Dataset excerpt:
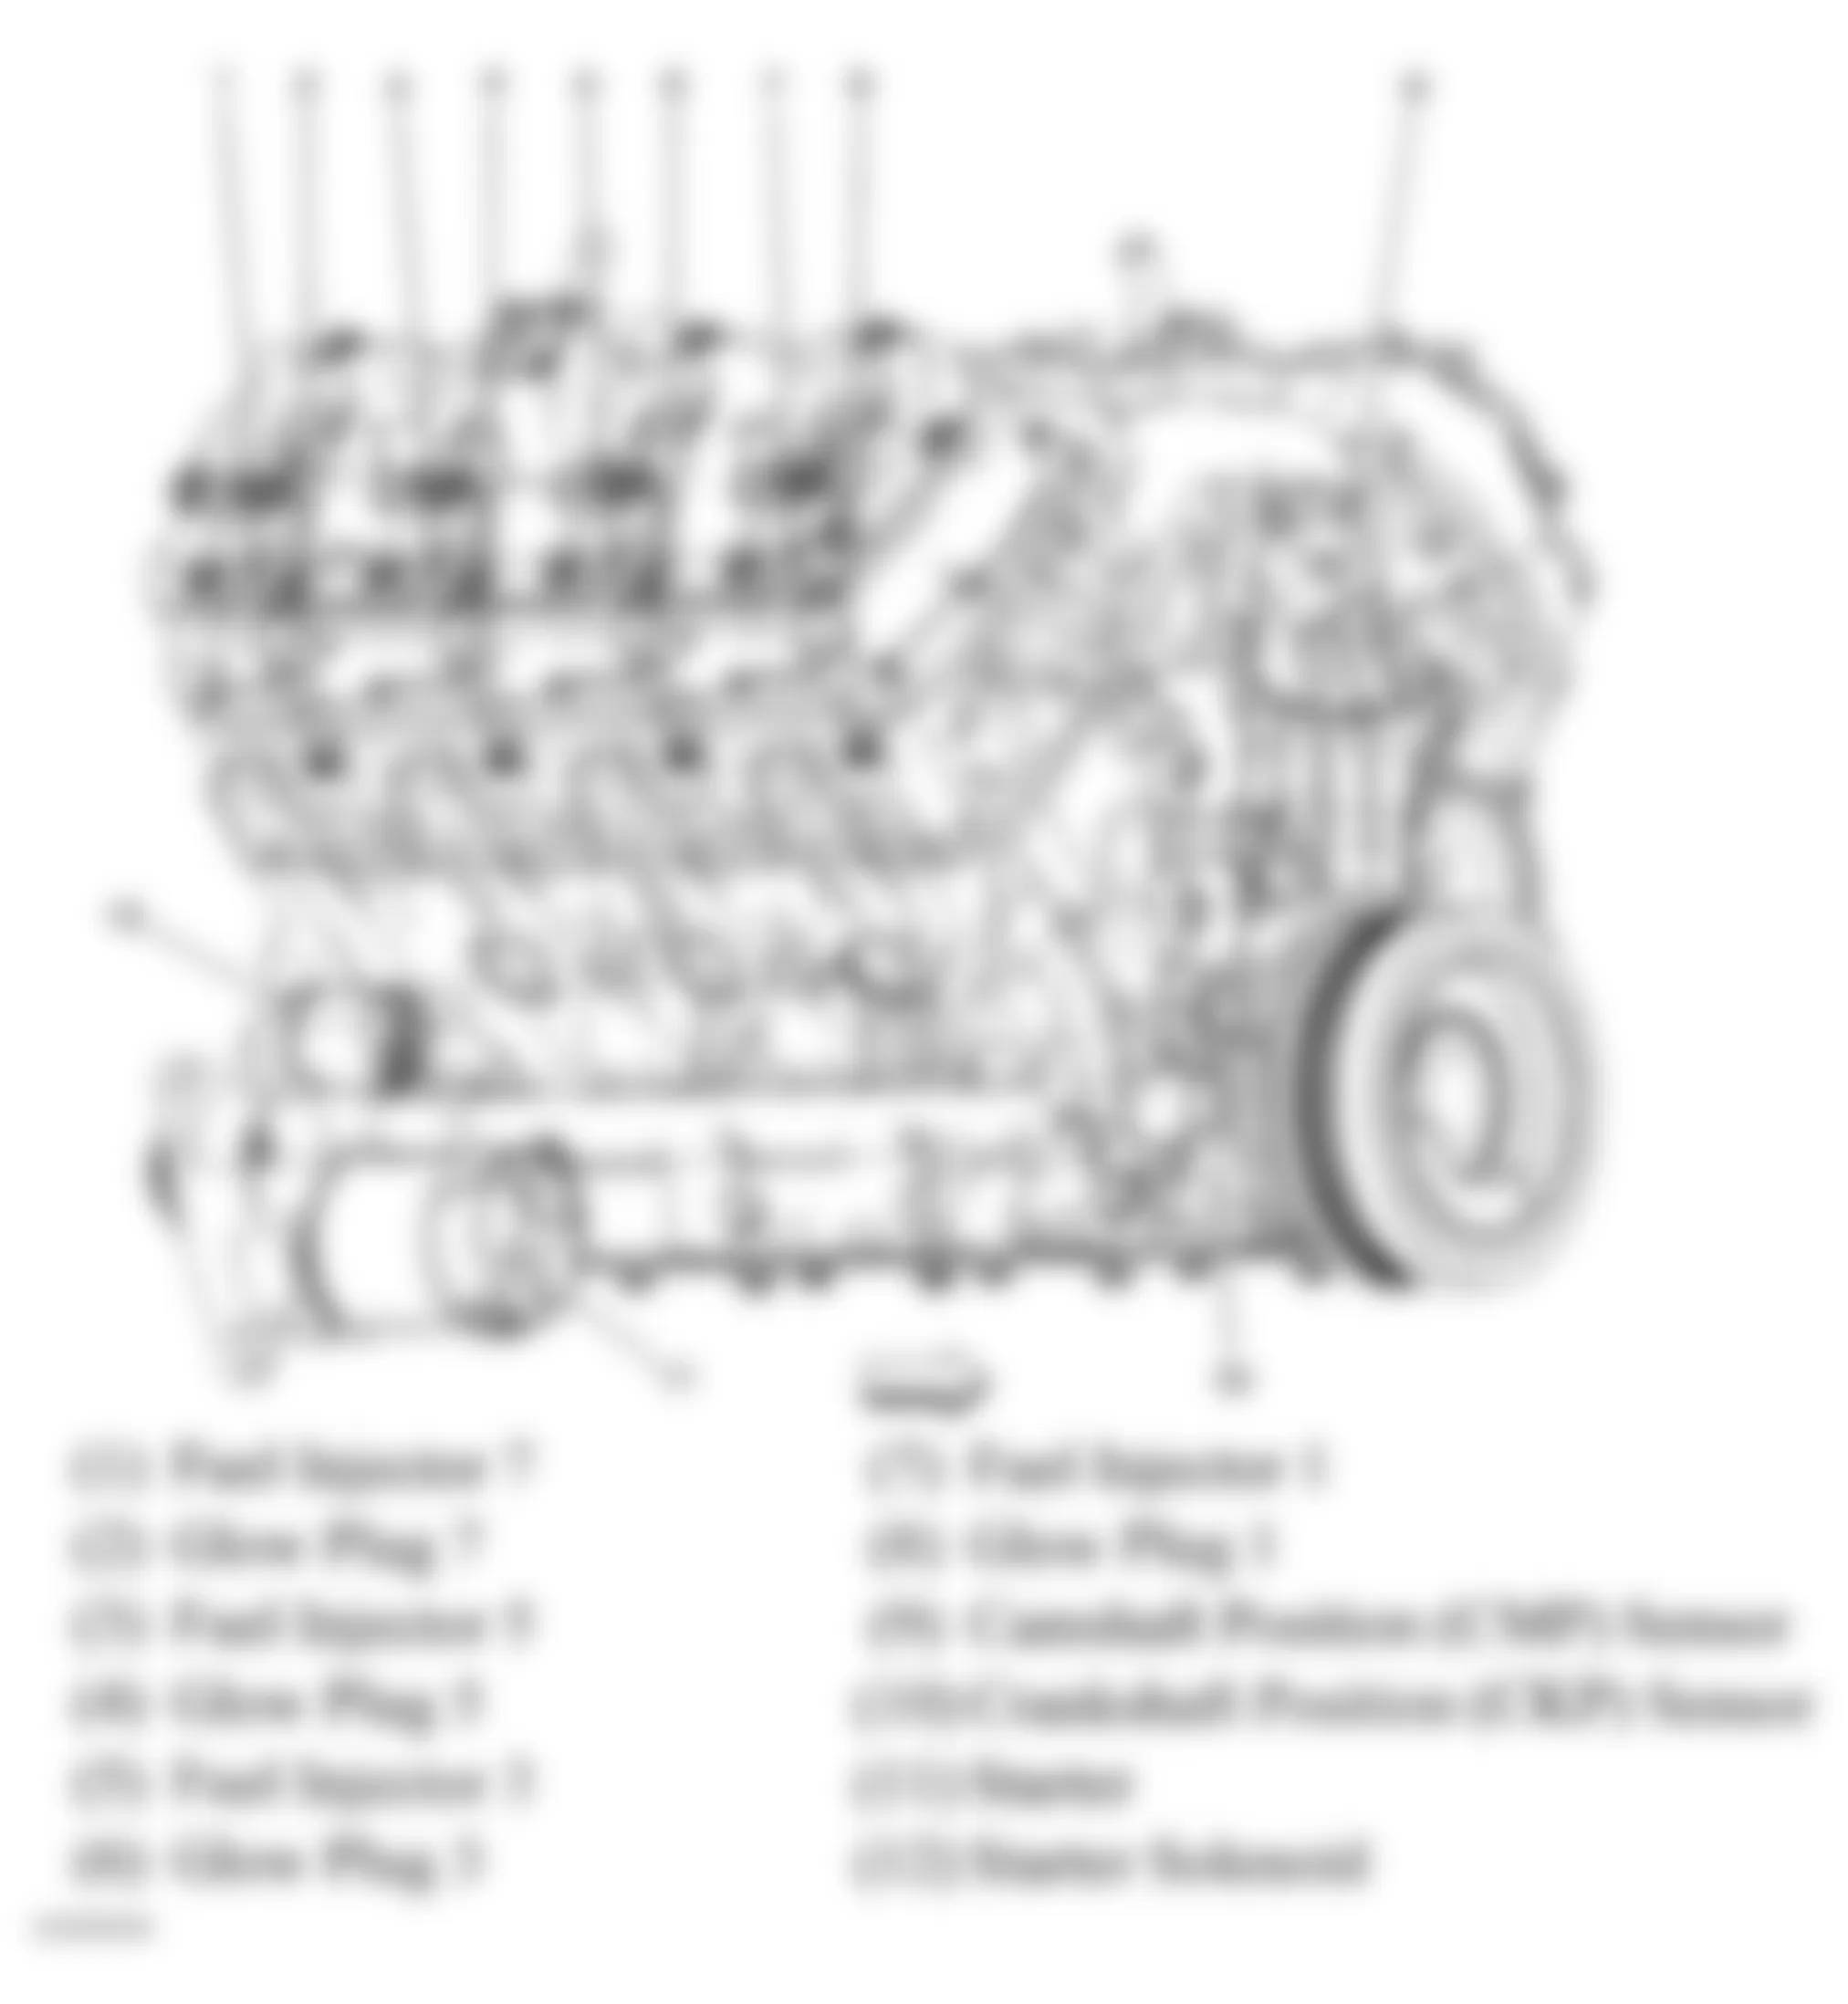 GMC Savana G3500 2009 - Component Locations -  Right Side Of Engine (6.6L)
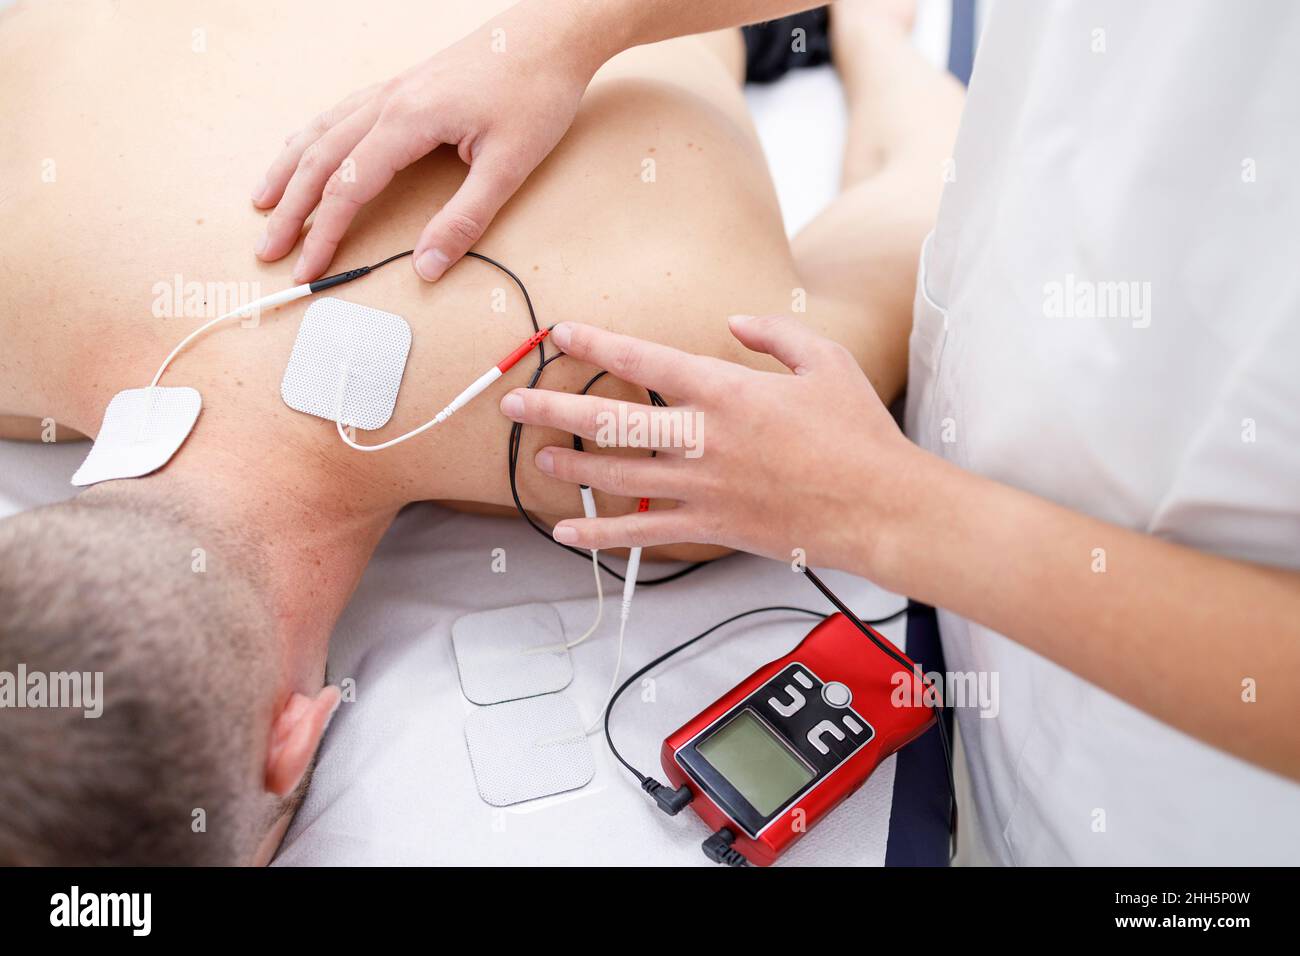 Physical therapist applying electrodes on athlete's neck Stock Photo
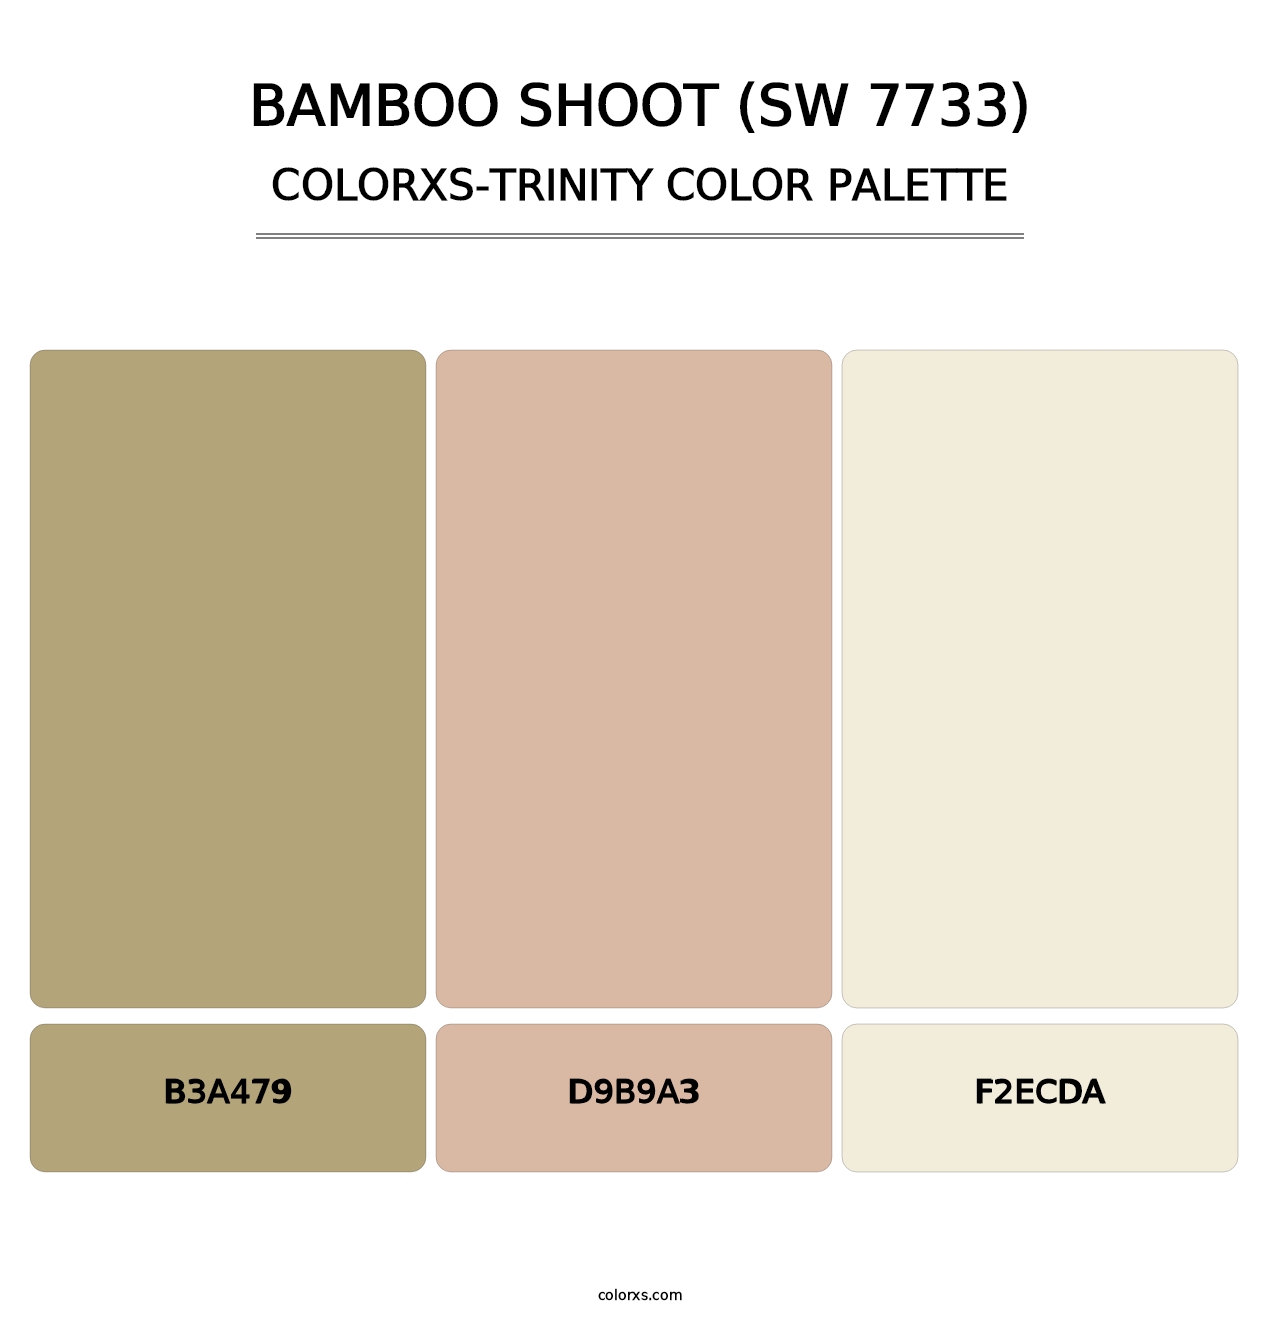 Bamboo Shoot (SW 7733) - Colorxs Trinity Palette
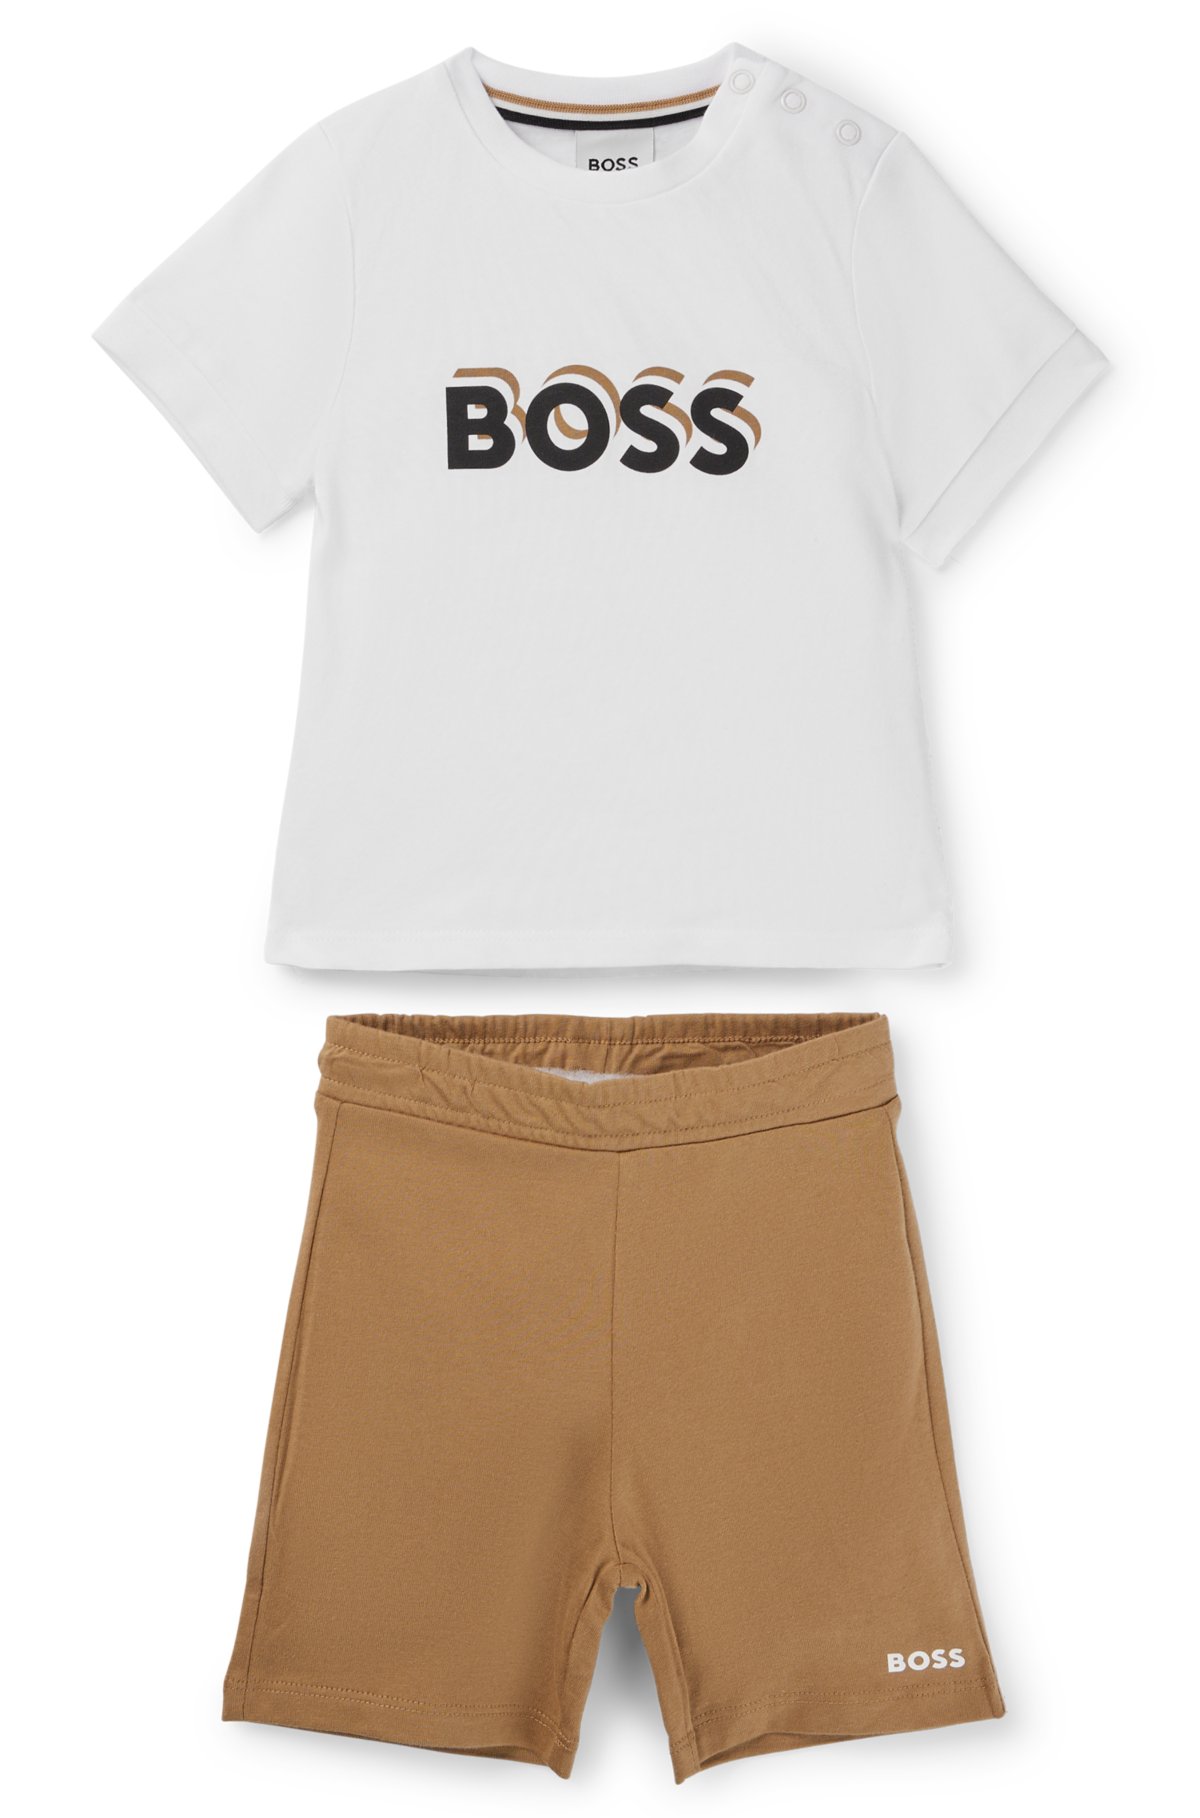 BOSS - Kids' cotton T-shirt and shorts set with logo details

Task requirements: Retype the whole listing above exactly as written. Skip the pictures.

Solution for this problem:
 GMC Savana G3500 2009 - Component Locations -  Right Side Of Engine (6.6L)
 Physical therapist applying electrodes on athlete's neck Stock Photo
 Bamboo Shoot (SW 7733) - Colorxs Trinity Palette
 BOSS - Kids' cotton T-shirt and shorts set with logo details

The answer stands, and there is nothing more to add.